Publié le 29 Mars 2018 à 11h59 par Chloé Parisse, journaliste santé
En Suisse, un homme vient d'être condamné pour avoir prétendu être médecin pendant trois ans, selon les informations d'Egora.

© Adobe StockQuand le mensonge va beaucoup trop loin. Un homme de 24 ans a été condamné par la justice le 27 mars 2018 en Suisse après s'être fait passer pour un médecin alors qu'il n'avait aucun diplôme rapporte Egora.

Un entourage trompé

Alors qu'il avait 19 ans, en 2013, le jeune homme a commencé son entourloupe en faisant croire à son entourage qu'il était étudiant en médecine explique Egora. Pour rendre sa supercherie encore plus credible, il va jusqu'à produire de faux documents de l'Université de médecine, porte un badge à son nom avec la mention du CHU de Lausanne, se munit d'une blouse, d'un pantalon, d'un sac d'ambulancier, de stéthoscopes et de seringues. Tous ces éléments dérobés lors d'un stage à l'hôpital lui confèrent la panoplie parfaite d'un étudiant en médecine rigoureux, selon Egora.

Une complice de taille

Le jeune homme prétend avoir obtenu son diplôme de médecine auprès de son entourage et ne s'arrête pas là. Il réussit à se procurer un tampon encreur de médecin qu'il paramètre à son nom. Grâce à l'objet, il commence à rédiger de fausses ordonnance, de faux certificats médicaux et réussit même à obtenir des psychotropes, rapporte Egora. Pour rendre le mensonge encore plus vrai, il est aidé d'une complice : sa propre soeur. Assistante en chirurgie, elle lui procure la copie de trois dossiers médicaux.

L'injection de trop

L'imposture prend fin après trois ans de mensonge, en 2016, lorsque ses amis découvrent qu'il est en réalité employé dans un centre d'appels. Le jeune père de famille est allé beaucoup trop loin en injectant à un ami un produit "indéterminé" pour calmer ses douleurs dans le dos, selon les informations d'Egora. Le patient se retrouve alors avec une jambe ayant doublé de volume, l'obligeant à être hospitalisé.

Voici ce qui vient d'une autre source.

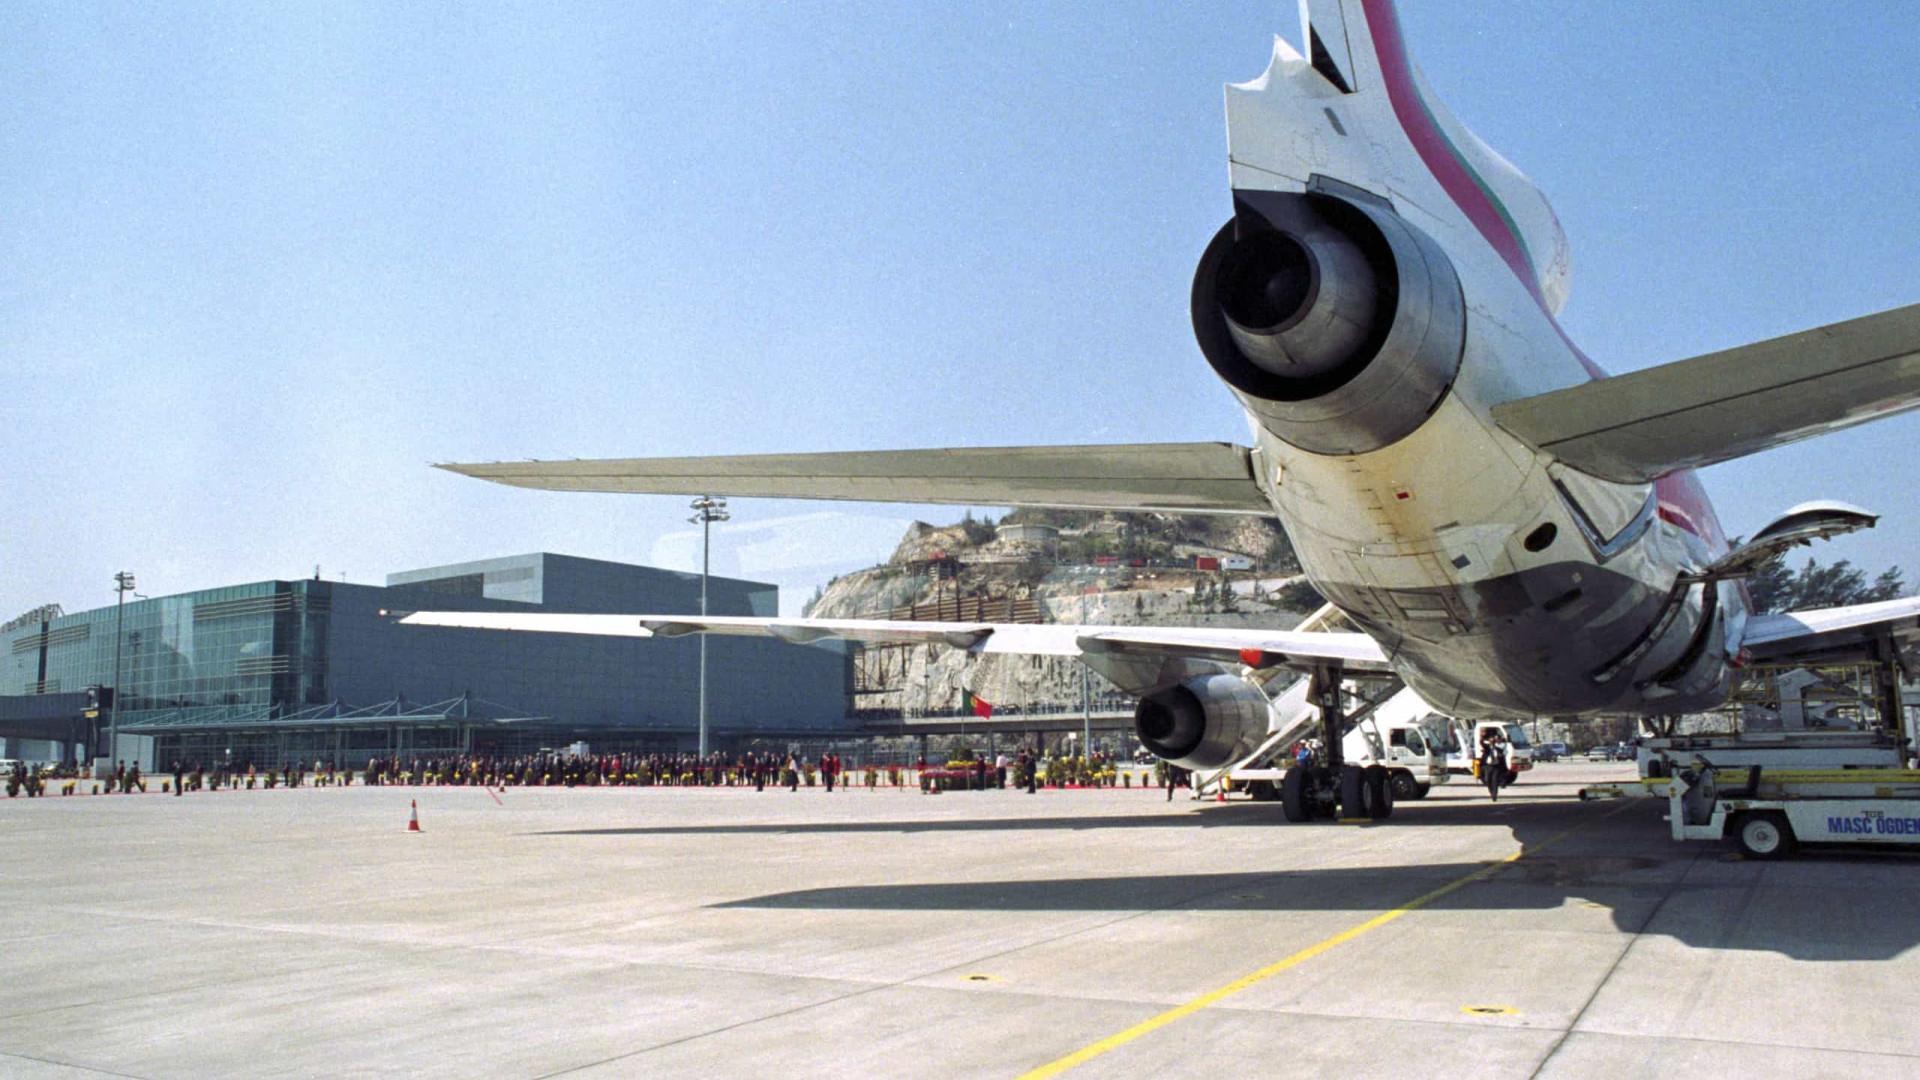 Aeroporto Internacional De Macau : Notícias ao minuto aeroporto de macau com mais dois

8 ans de prison avec sursis

Mardi 27 mars 2018, se tenait le procès du jeune homme à Lausanne, en présence de plusieurs de ses amis. Le tribunal a prononcé la sentence : 8 ans de condamnation à la prison avec sursis et 11 000 euros d'amende et de dommages selon Egora. Sa soeur, quant à elle, a écopé d'un licenciement et sera également jugée. Une histoire qui fait froid dans le dos et interroge sur la confiance aveugle que l'on accorde aux professionnels de santé.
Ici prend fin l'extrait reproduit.